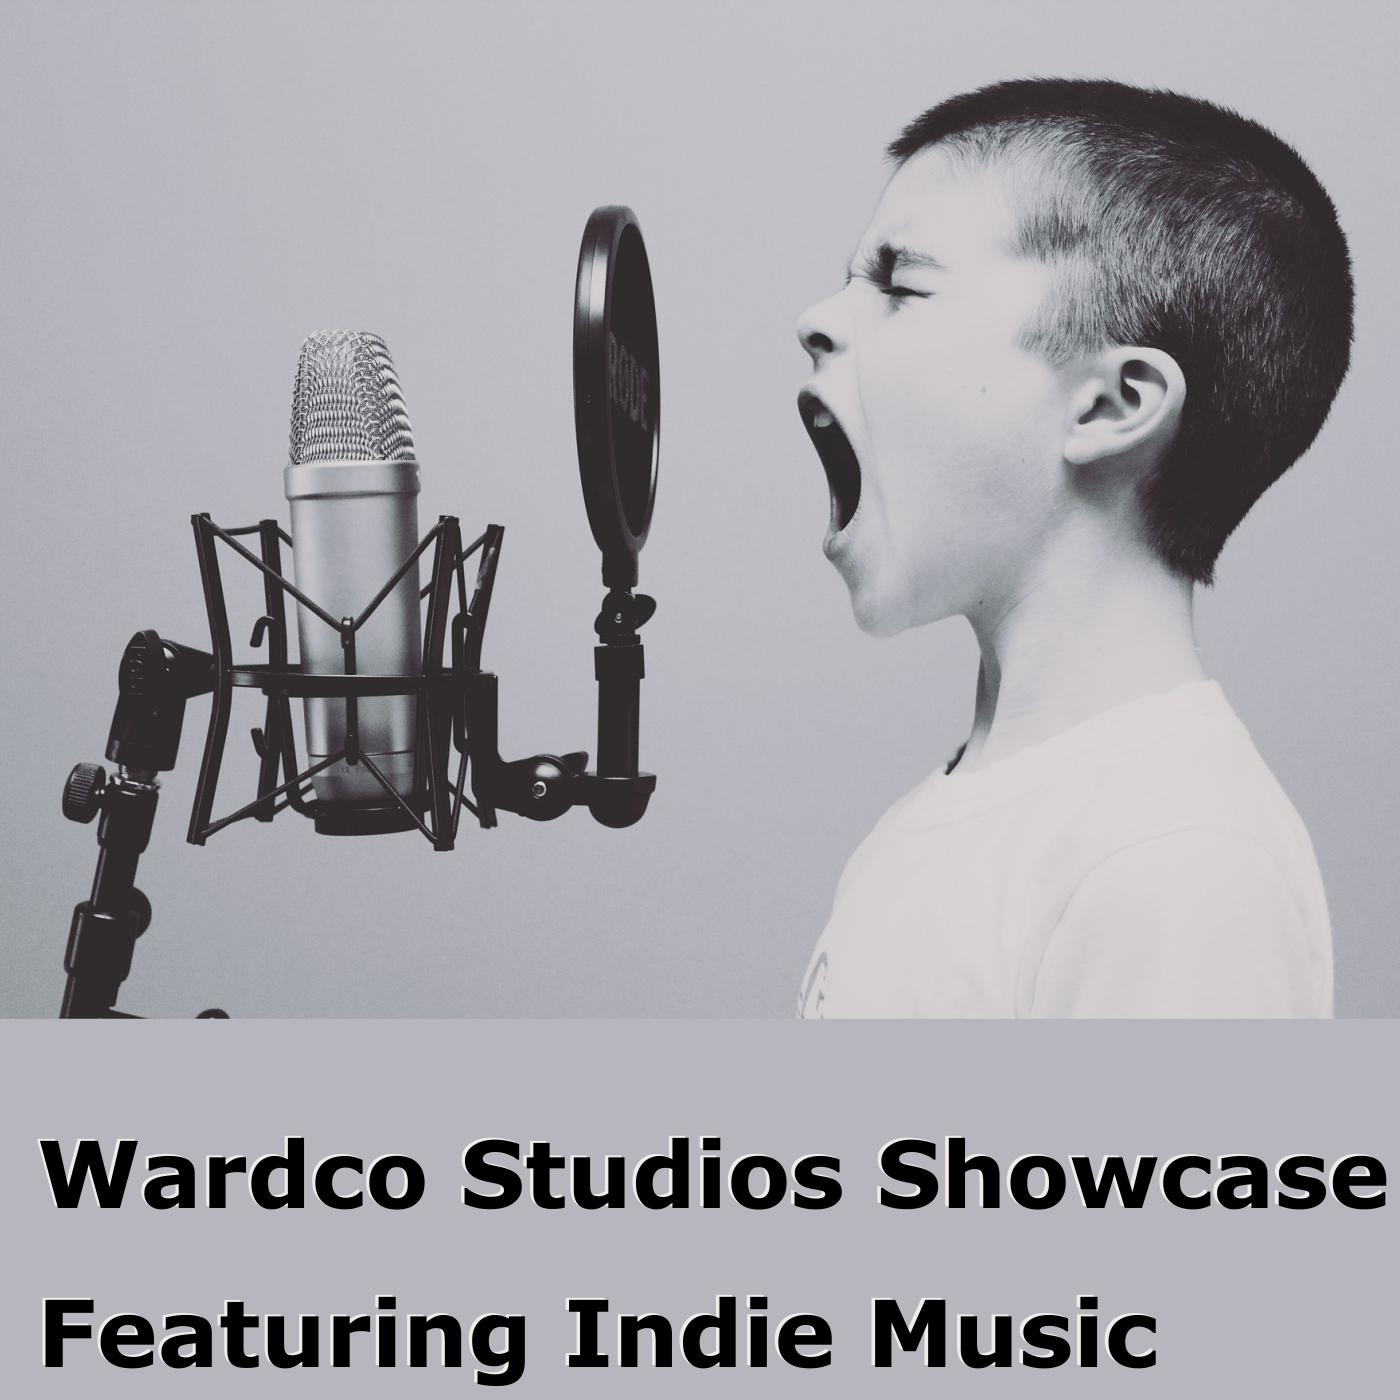 Wardco Studios Showcase
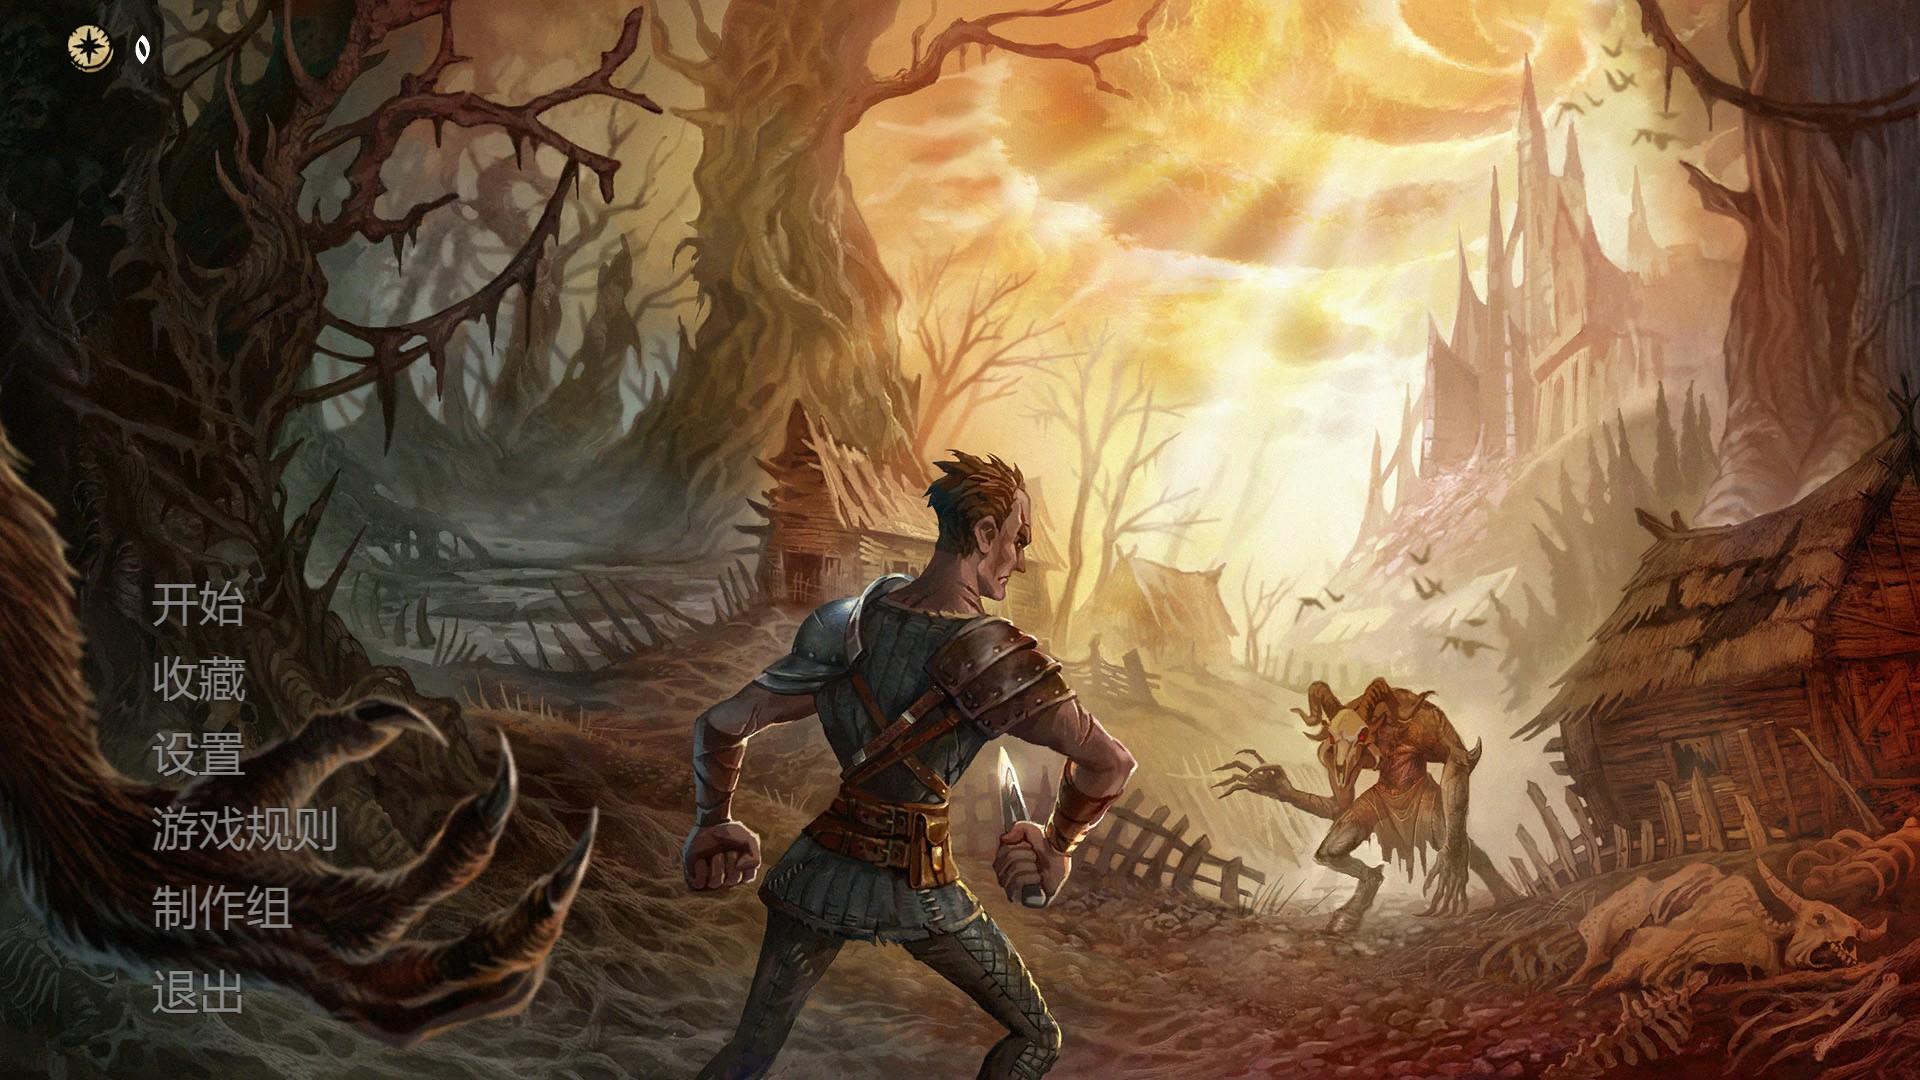 卡牌拯救世界!《灰烬之牌》开启Steam抢先体验
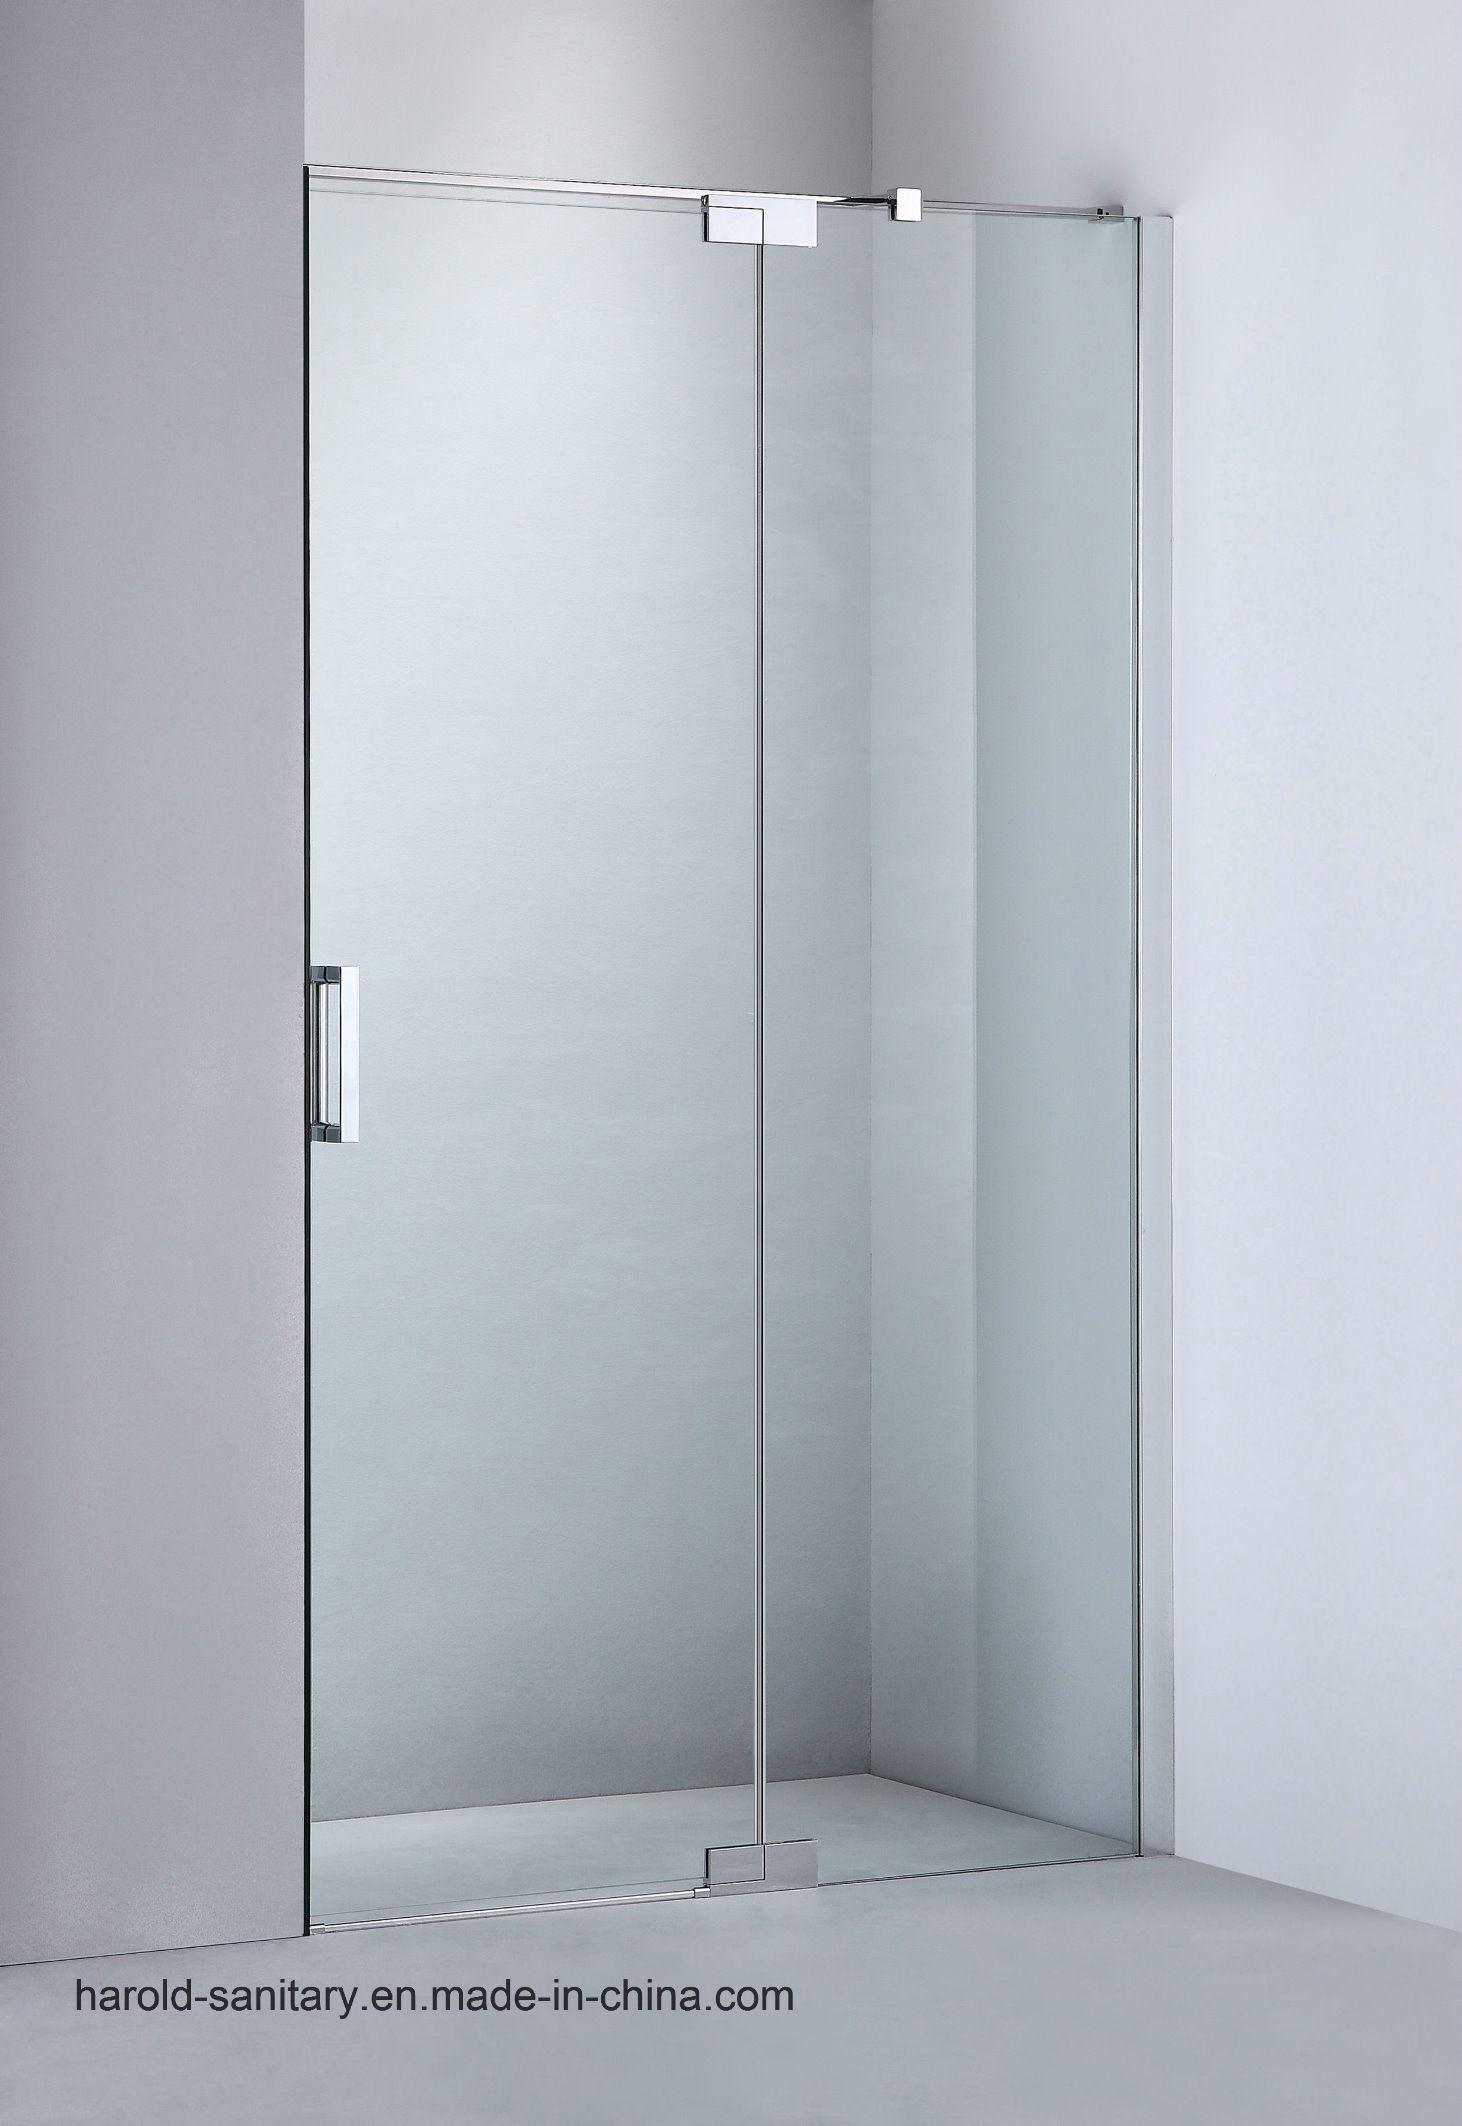 Hot Item Brass Hinge Stainless Steel Pivot Shower Screen

- **Activity**
Pictures aside, reproduce exactly the lines from the one containing "卡牌拯救世界!《灰烬之牌》开启Steam抢先体验" to the end of the listing above, both ends included.

- **The completed task**
 卡牌拯救世界!《灰烬之牌》开启Steam抢先体验
 Hot Item Brass Hinge Stainless Steel Pivot Shower Screen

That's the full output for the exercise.